___ Material supplied

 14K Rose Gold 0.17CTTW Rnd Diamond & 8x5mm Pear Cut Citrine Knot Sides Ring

______
___ Material supplied

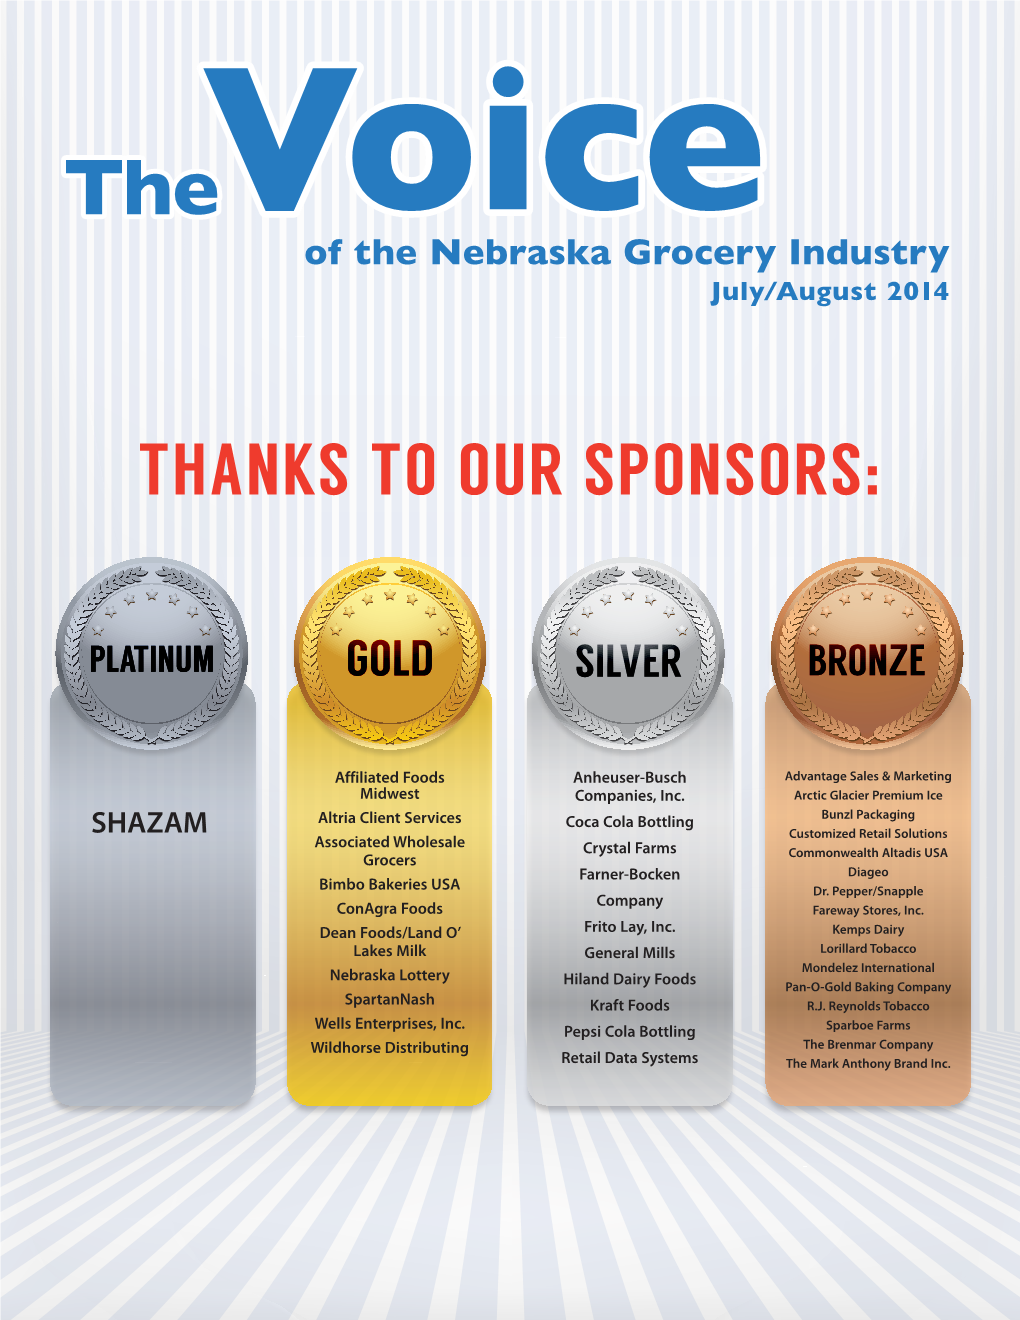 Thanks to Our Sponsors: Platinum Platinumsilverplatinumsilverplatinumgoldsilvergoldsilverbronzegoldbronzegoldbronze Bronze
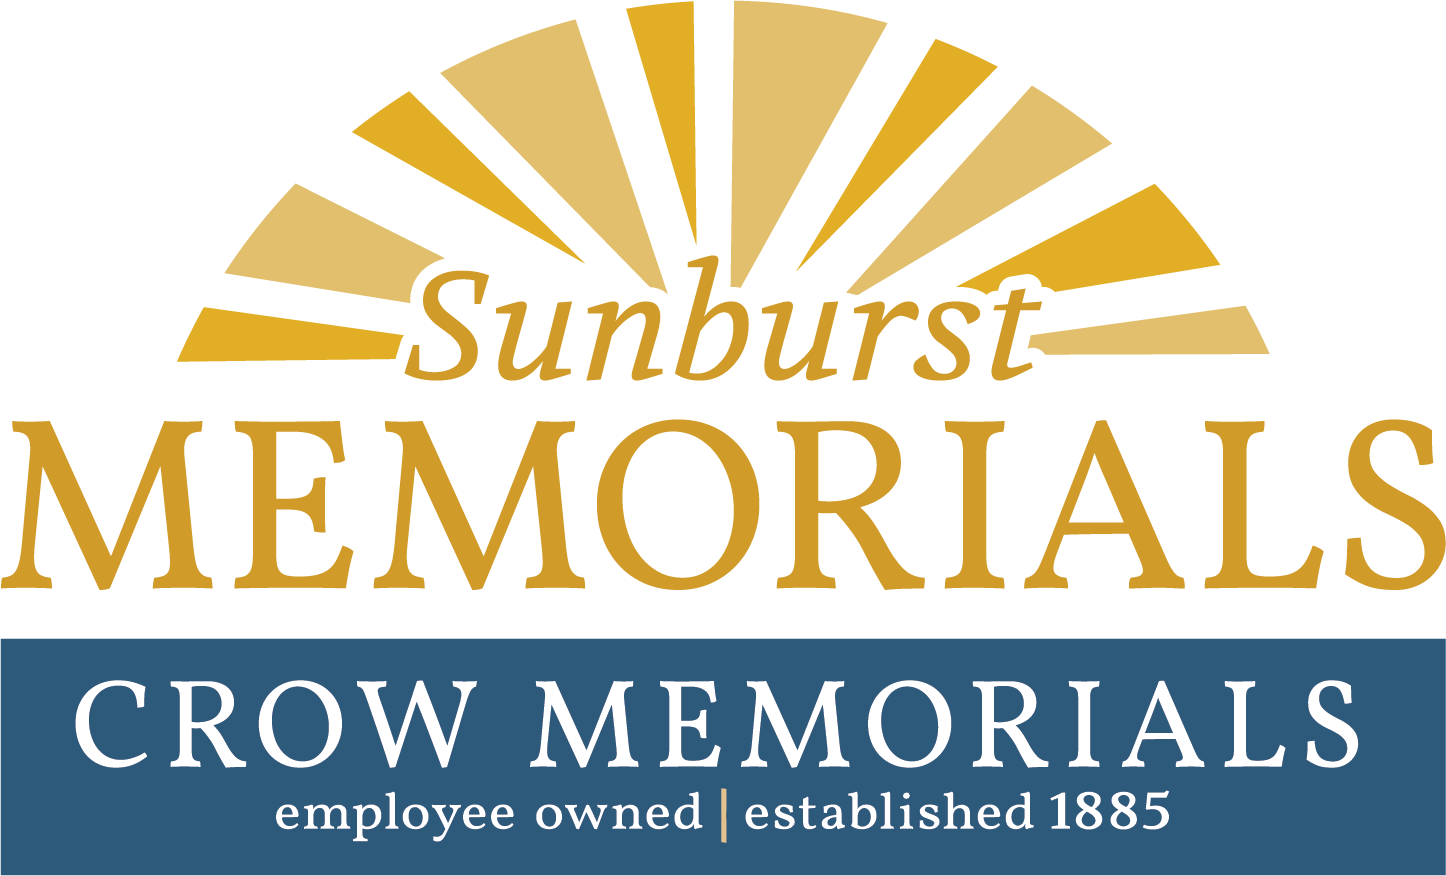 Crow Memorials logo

______
___ Material supplied

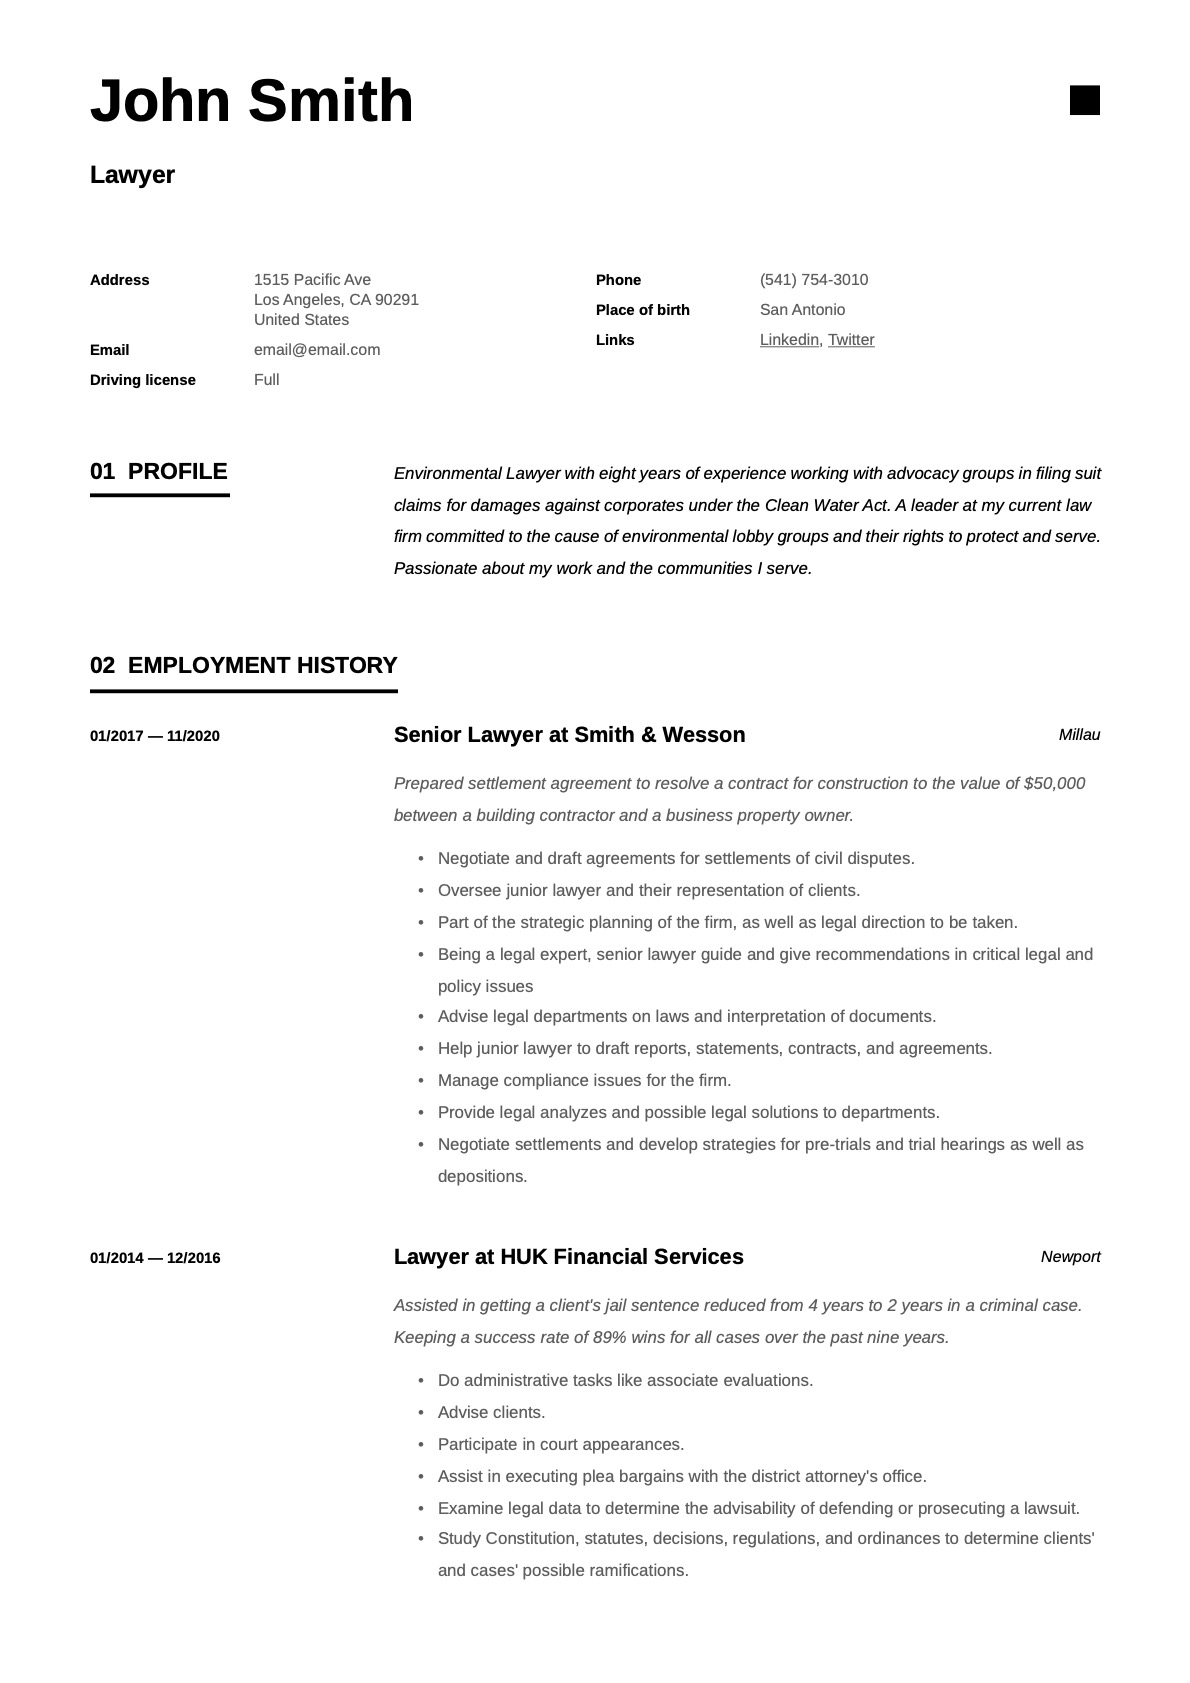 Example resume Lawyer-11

______

Problem
Leave the pictures out, and transcribe exactly the lines above starting at the one that contains "Thanks to Our" and ending at the one that contains "Crow Memorials logo".

Result for this task
 Thanks to Our Sponsors: Platinum Platinumsilverplatinumsilverplatinumgoldsilvergoldsilverbronzegoldbronzegoldbronze Bronze
 Crow Memorials logo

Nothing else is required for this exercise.